= Thomas Patterson Brockman =

American politician

Colonel Thomas Patterson Brockman (December 4, 1797 – August 20, 1859) was an American merchant and planter in the Greenville District who also owned land in the Spartanburg District. He was born in the Greenville District (now Greenville County), South Carolina, the son of Susannah Patterson and Henry Brockman. According to the 1850 slave schedules, he possessed thirty slaves in Greenville. He was also a member of the South Carolina House of Representatives and the South Carolina Senate.

==Title of Colonel==
Brockman was listed as a noted member of the community in Greenville as early as 1831, when he served as a parade marshal on the Fourth of July, as appointed by Perry E. Duncan and committee. At that ceremony he led three companies of militia, accompanied by Colonel Barron, Colonel Greene, and Major Goodlett. Brockman was colonel of the Third Regiment of the state militia (1831–1834).

==Political life==
Brockman was a prominent Unionist in the years before the Civil War. In 1832–1833, he served as Greenville delegate to the state convention on Nullification; he voted against nullification. He was state Senator from the Greenville district from 1836 to 1839, and Commissioner of Roads and of Public Buildings in 1844,

The slavery issue came to a head with the Compromise of 1850. South Carolina secessionists asserted that if the Compromise passed, South Carolina should withdraw from the Union.

Brockman's town of Greenville had long been a Unionist stronghold. In the October state elections of 1850, Brockman was elected state Senator, and fellow Unionists Benjamin Perry and Perry E. Duncan were also elected to the legislature. The Unionist started a newspaper, the Southern Patriot, to support the cause.
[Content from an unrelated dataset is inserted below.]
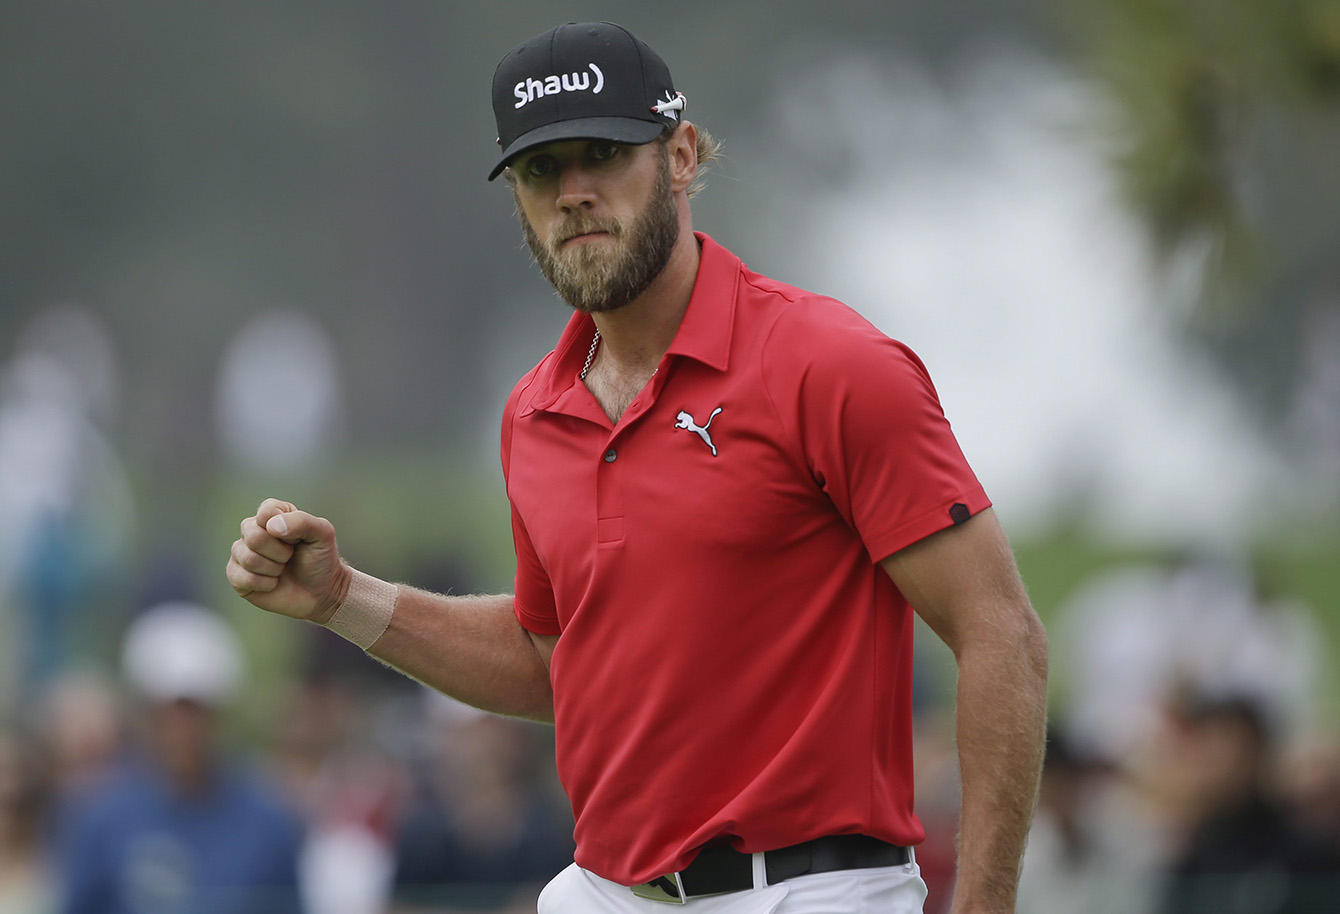 DeLaet reacts after sinking his putt for eagle on the sixth hole of the South Course at Torrey Pines during the final round of the 2014 Farmers Insurance Open.  He finished 2nd.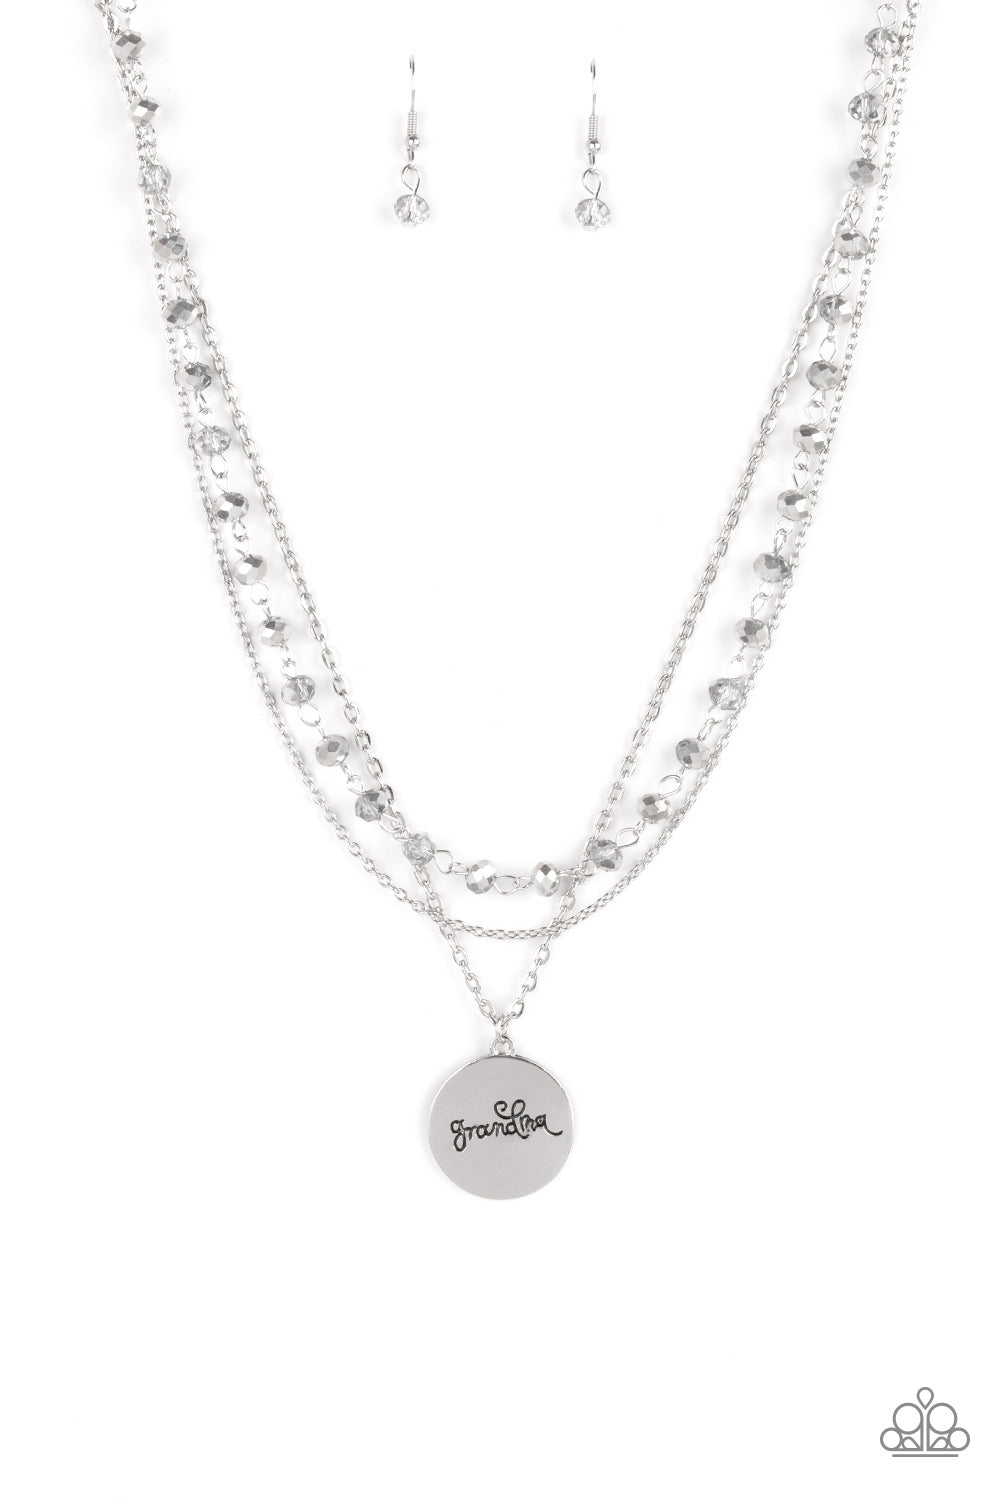 Promoted to Grandma - silver - Paparazzi necklace

Nonetheless, the legislature called for a convention to be held to decide on secession. Brockman and other Unionists worked to delay the convention as long as possible, collaborating with the "cooperationist" faction. ("Cooperationists" did not explicitly opposed secession, but said that South Carolina should not act on its own, but only in "cooperation" with other Southern states.) When the convention delegates were finally elected in 1852, the Unionists and cooperationists defeated the secessionists 25,062 to 17,617. The Union was safe (for the time being) thanks in large part to the efforts of Brockman and the other Unionists of Greenville.

The election of Lincoln in 1860 caused a new crisis. Despite Brockman's efforts, South Carolina declared secession in December 1860, commencing the American Civil War. This was a tragic outcome for Brockman, as both of his sons (Benjamin T. Brockman and Jesse Brockman) died while serving in the Confederate Army with the 13th South Carolina Infantry.

Brockman's granddaughter Tallulah James Brockman married Alabama politician John H. Bankhead, a future U.S. Representative and Senator. Their son William Brockman Bankhead was a U.S. Representative and Speaker of the House; their son John H. Bankhead II was a U.S. Senator.

==Positions held==

===State Senate Committees===
- State Senator Greenville District (1836–1839), (1850–1855)
- Committee on accounts and vacant offices (1836–1838), (1854–1855)
- Internal Improvements (1836–1839)
- Privileges and Elections (1836–1839)
- Incorporations (1838–1839)
- Pensions (1850–1851)
- Roads, Bridges, and Ferries (1850–1851)
- Claims and Grievances (1852–1853)

===Other positions===
- Colonel Third Regiment State Militia (1831–1832)
- South Carolina Representative to South Western Railroad Bank Stockholder's Meeting (1839)
- Commissioner of Roads (1844, 1851, 1854)
- Commissioner of Public Buildings (1844, 1851, 1854)
- Presidential Elector (1852)

===Activities against secession===
Brockman, Benjamin Franklin Perry, and Perry Emory Duncan were all prominent Unionists.
- Represented Greenville at Nullification Convention, voted against (1832–1833)
- Authored a pamphlet advocating a Southern Convention rather than a state convention (1851)
- Southern Rights state convention (1852)

==Sources==
- Kibler, Lillian Adele (1946). Benjamin F. Perry, South Carolina Unionist Duke University Publications.
- Taylor, C. R., Morgan, M. L., and Bailey, N. L. (1986). Biographical Dictionary of the South Carolina Senate, 1776–1985, Vol I Abbott-Hill. Columbia, South Carolina, University of South Carolina Press.
- Clark, Henry William (1905). Clark, Parks, Brockman, and Dean Families.